Despite their small size, each octopus has enough venom to kill approximately 26 adult humans. Victims are often unaware of being bitten, because the bite is nearly painless, and the neurotoxin instantly numbs the skin on contact.
Most bites result in death within minutes from respiratory failure. There have been documented cases of victims surviving when immediately put on artificial respiration, typically for a minimum of 10 hours, which is how long it takes to metabolize the venom. No antivenom is currently available.

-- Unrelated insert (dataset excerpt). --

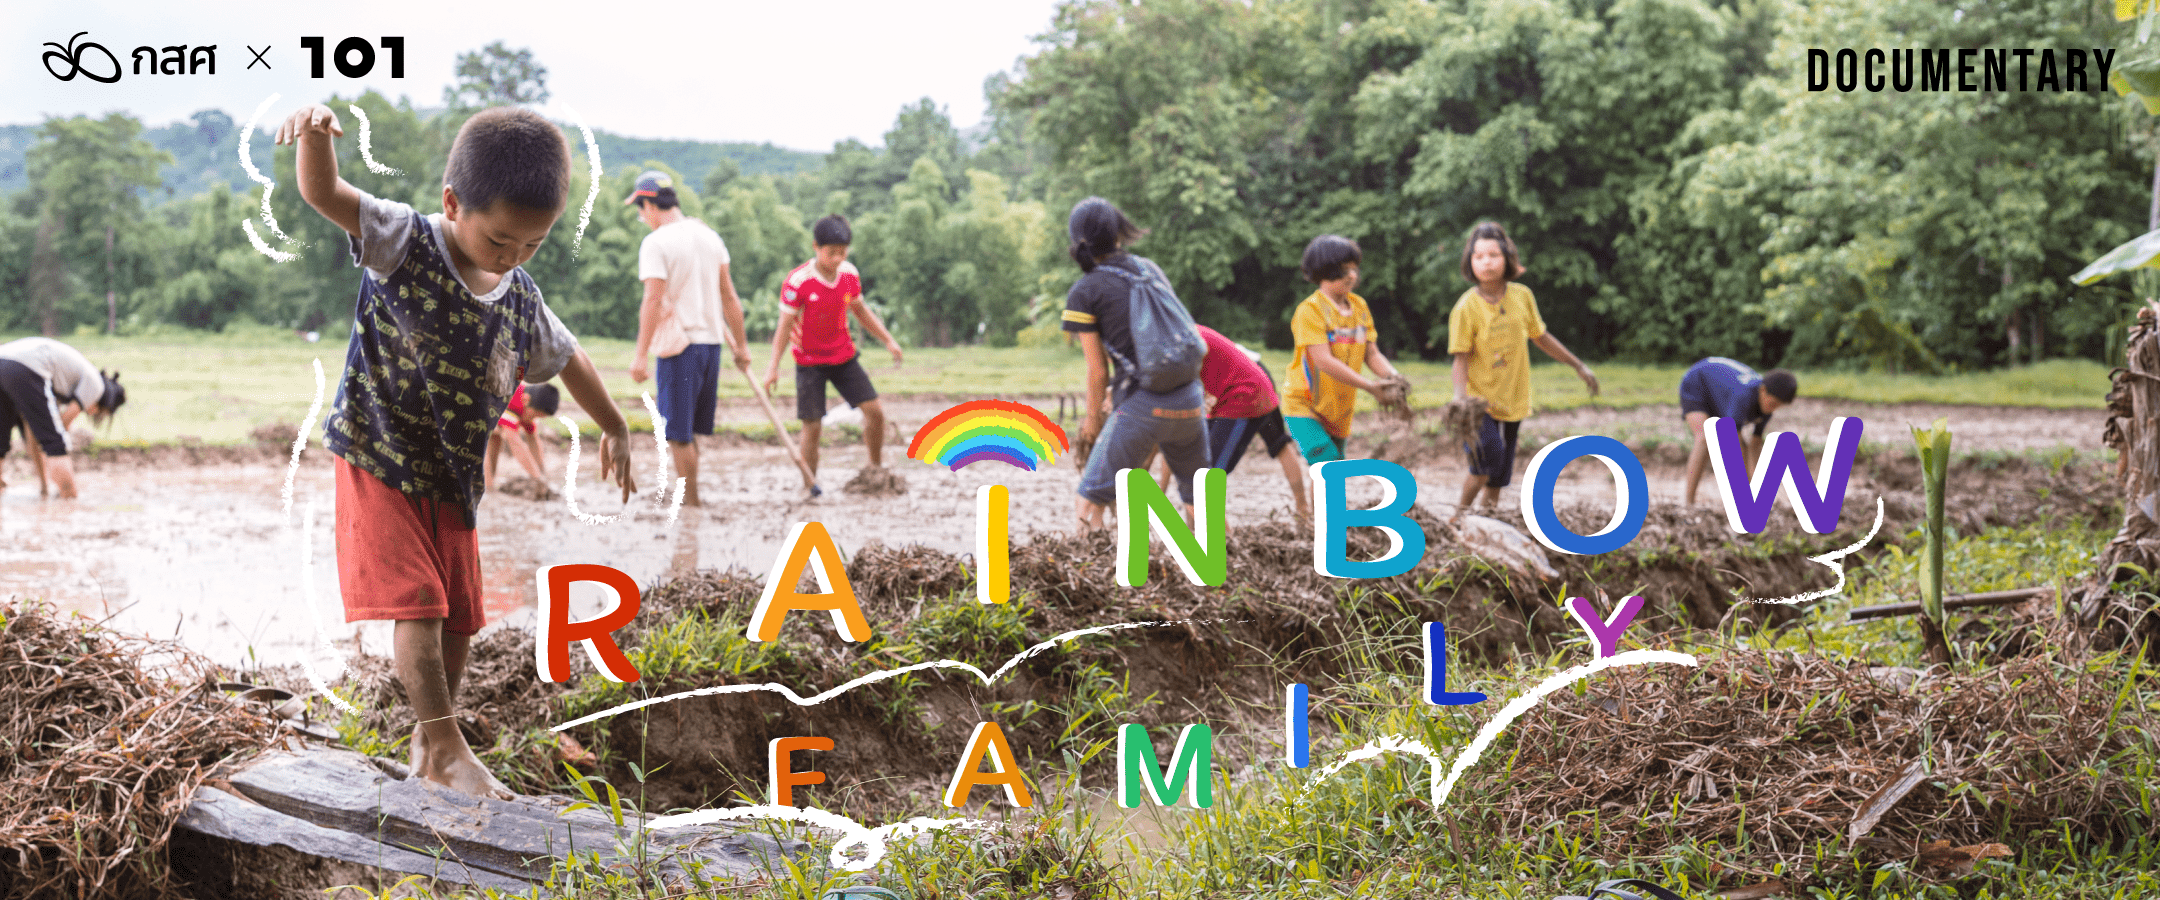 RAINBOW FAMILY : ชีวิตใหม่ฟ้าหลังฝน

These octopuses are not aggressive, and very few human fatalities have ever been recorded.
I was photographing what I believed to be a common juvenile octopus, about the size of my thumbnail, during a dive in Anilao, Philippines, when it flashed the blue ring seen in this photo as a warning. The octopus then swam into a small vacant clam shell and closed the two halves to hide.
When Poison ocellate octopuses feel seriously threatened their color changes to a high contrast striped pattern. Read more in our post, Biodiversity from the Muck to the Reef: Scuba Diving Anilao, Philippines.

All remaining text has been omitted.